Yeah, I'm just south of Philly near Cherry Hill. It's all TKD down here, but at least I've got a good TKD school that is self defense oriented and not a belt factory. Philly's no good either, really, as I don't get back from work early enough to go to class.

I've also got a bus that goes from NYC Port  to South Jersey with no stops, so anything in North or mid-Jersey is also not an option.


----------



## blindsage (Jul 14, 2009)

I found a couple of CMA places in your area you might want to check out:

Wing Chun 
http://www.wingchunkungfukwoon.com/Home.html

Shaolin Pai, Wing Chun, Tai Chi
http://www.mastersonskungfu.com/index.php

Wing Chun
http://www.traditionalwingchun.com/index.php

Southern Praying Mantis (learned from Gin Foon Mark)
http://www.geocities.com/martyeisen/Pmwebpage.htm

Tai Chi, Bagua
http://www.silvertigertaichi.com/

Dragon style Kung fu
http://www.lungjoppai.com/

I'm sure there are a lot more. 

edit: I posted this after your last post and didn't see it.  Some of these won't work then, but others still might.


----------



## clfsean (Jul 14, 2009)

If Cherry Hill is an option, I'd go see the guy from GFM's school.


----------



## jim777 (Jul 14, 2009)

Thanks a ton guys  I've contacted a few of those schools, including the Jook Lum Praying mantis school. 

you guys rock, seriously


----------



## Tensei85 (Jul 15, 2009)

I would 3rd the Jook Lum Tong Long School, just something about the Praying Mantis :ultracool


----------



## Jimf807 (Jul 15, 2009)

Instead of starting another post I figured I would just piggy back off of this one.  I am looking at a school right around the corner from my house.  I have no experience with CMA.  I have done some research myself but most of the info I found about the owner/Sifu was confirmed through Wikipedia which has been known to be inaccurate.  Just wanting the opinion of people familiar with CMA.  
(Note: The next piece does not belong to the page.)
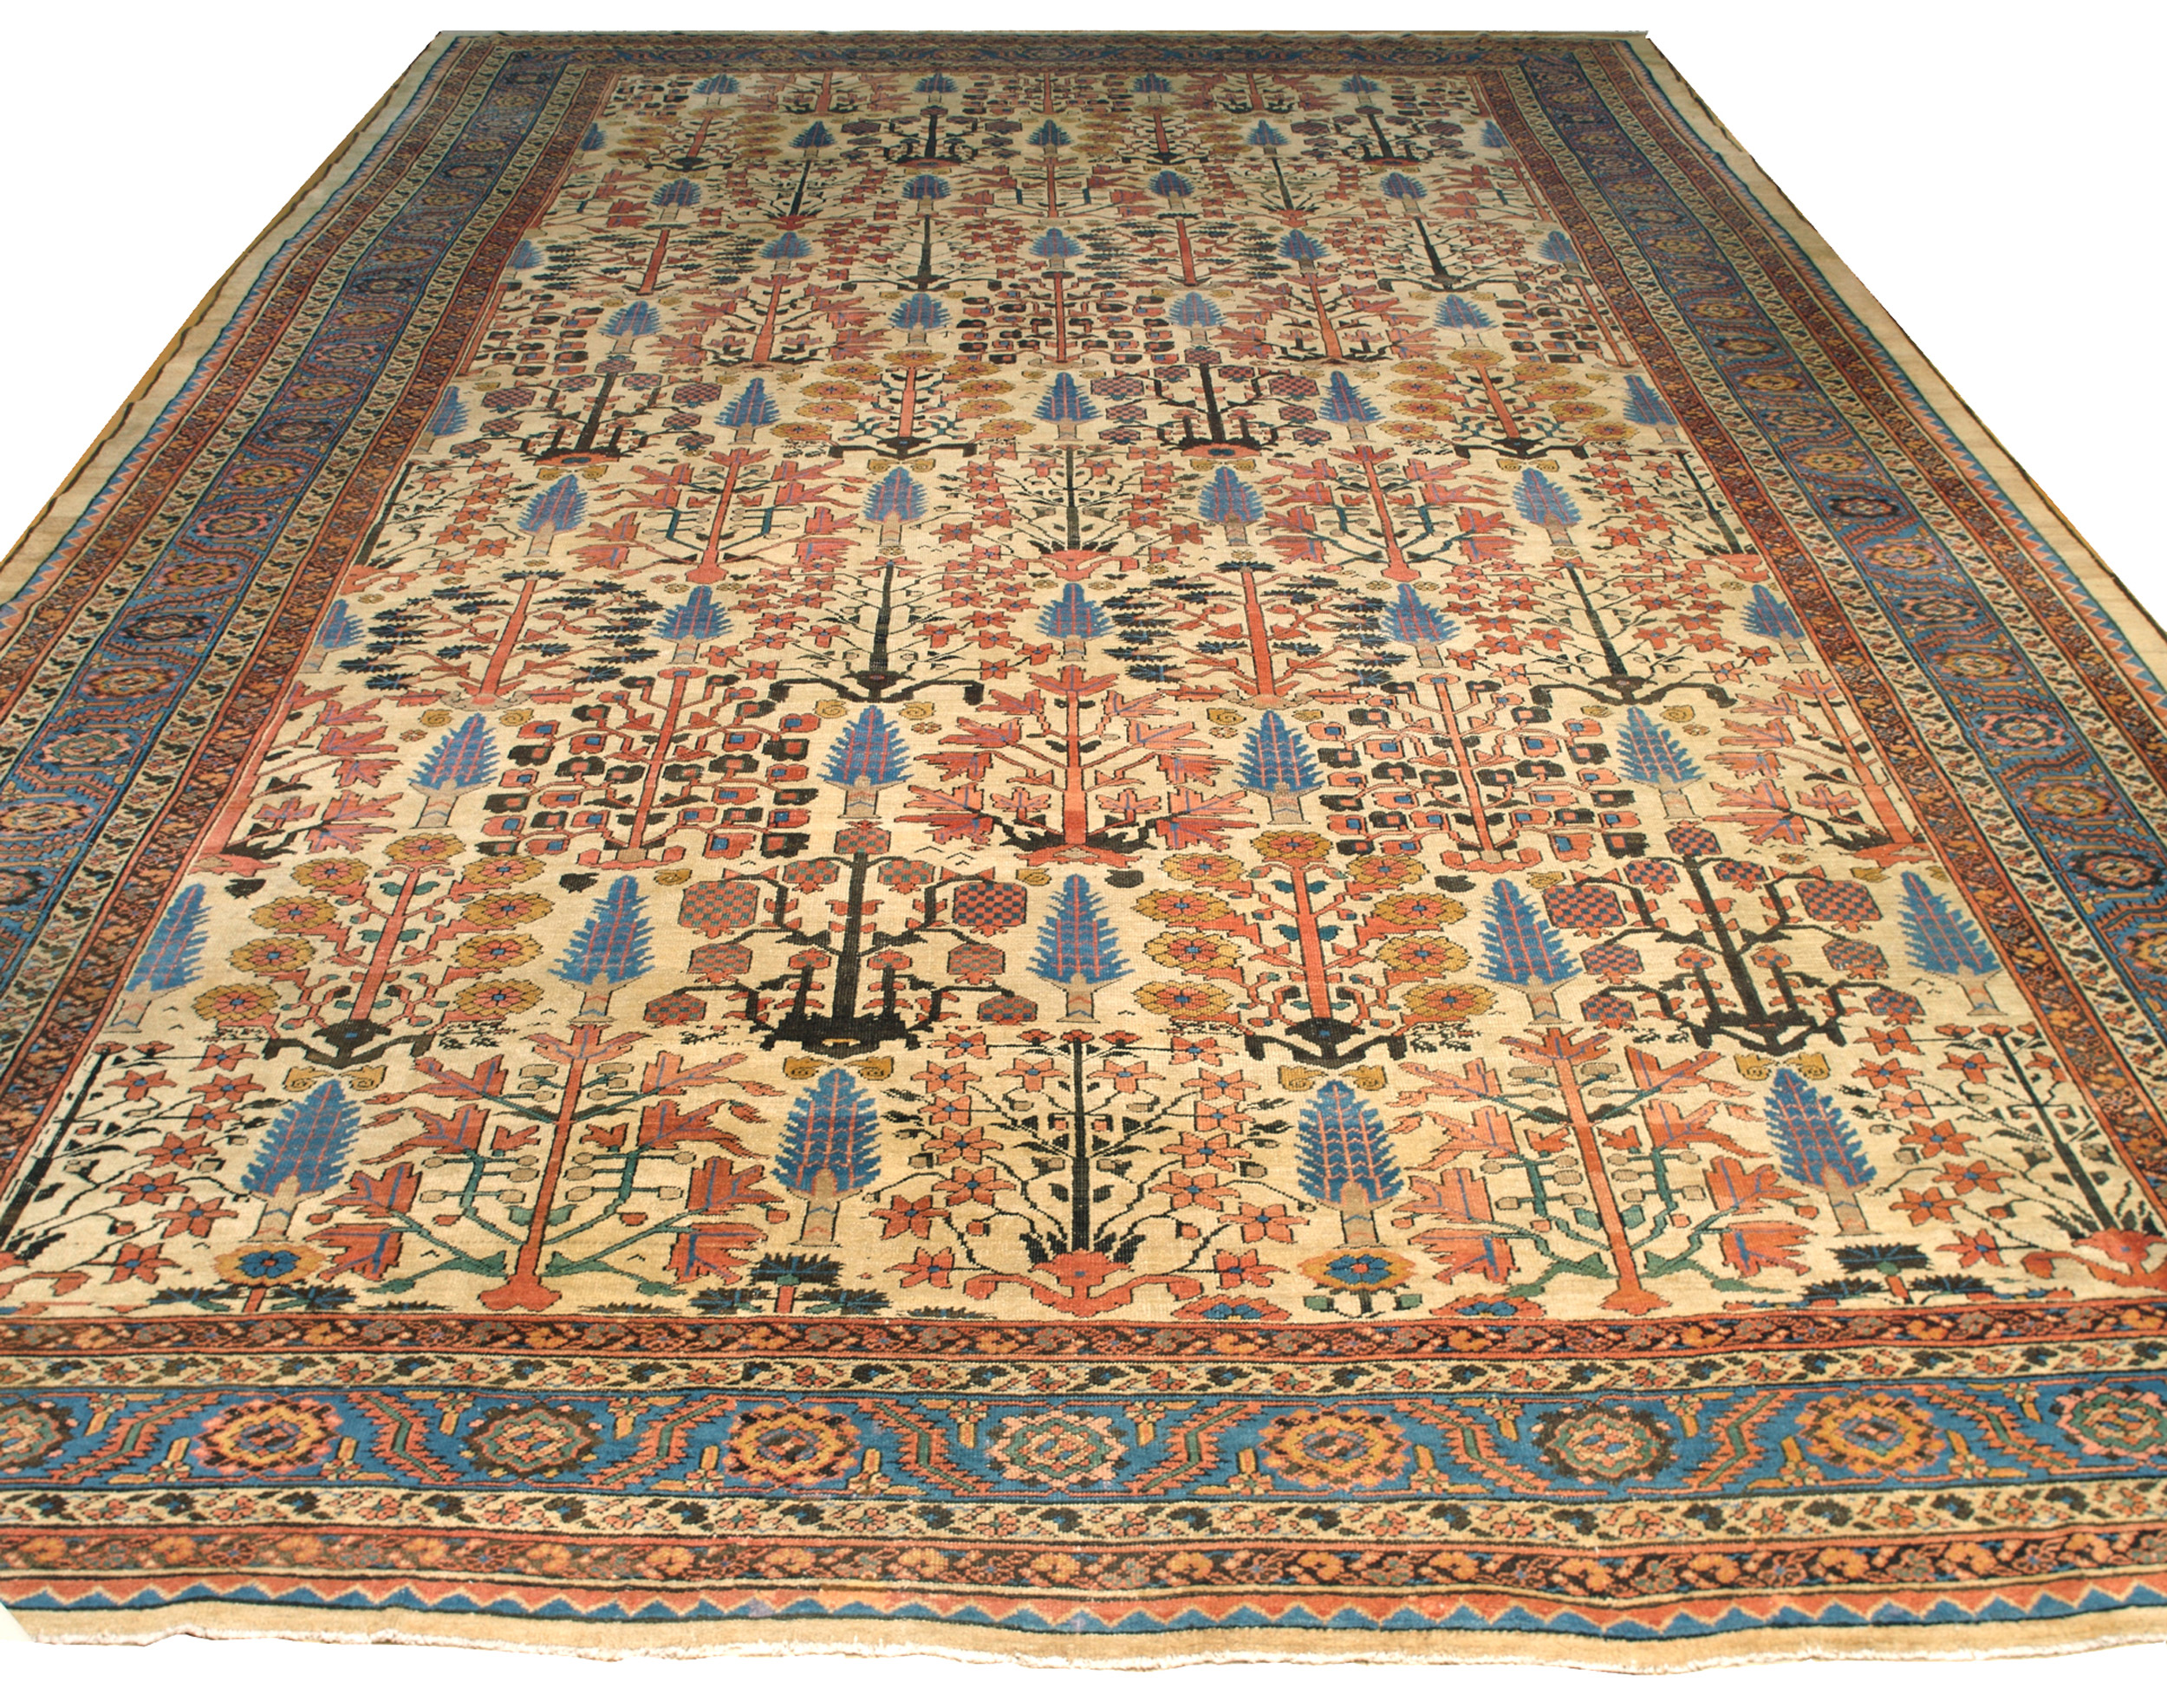 An antique Persian Bakshaish carpet of large size at approximately 13'5" x 18'7". The ivory field is decorated with a Shrub and Flower design and framed by a deep sy blue border. Douglas Stock Gallery, antique Oriental rugs, Natick, Wellesley, Weston, Newton, Brookline, Boston,MA area - antique rugs South Natick,Ma

Here is their website http://www.mengsmartialarts.com/ 

Thanks in advance

Jim.


----------



## clfsean (Jul 15, 2009)

Jimf807 said:


> Instead of starting another post I figured I would just piggy back off of this one.  I am looking at a school right around the corner from my house.  I have no experience with CMA.  I have done some research myself but most of the info I found about the owner/Sifu was confirmed through Wikipedia which has been known to be inaccurate.  Just wanting the opinion of people familiar with CMA.
> 
> 
> Here is their website http://www.mengsmartialarts.com/
> ...



From what I hear he's a little unconventional in his views on Wing Chun & all, but nothing I've read (which honestly isn't that much) questions his hands.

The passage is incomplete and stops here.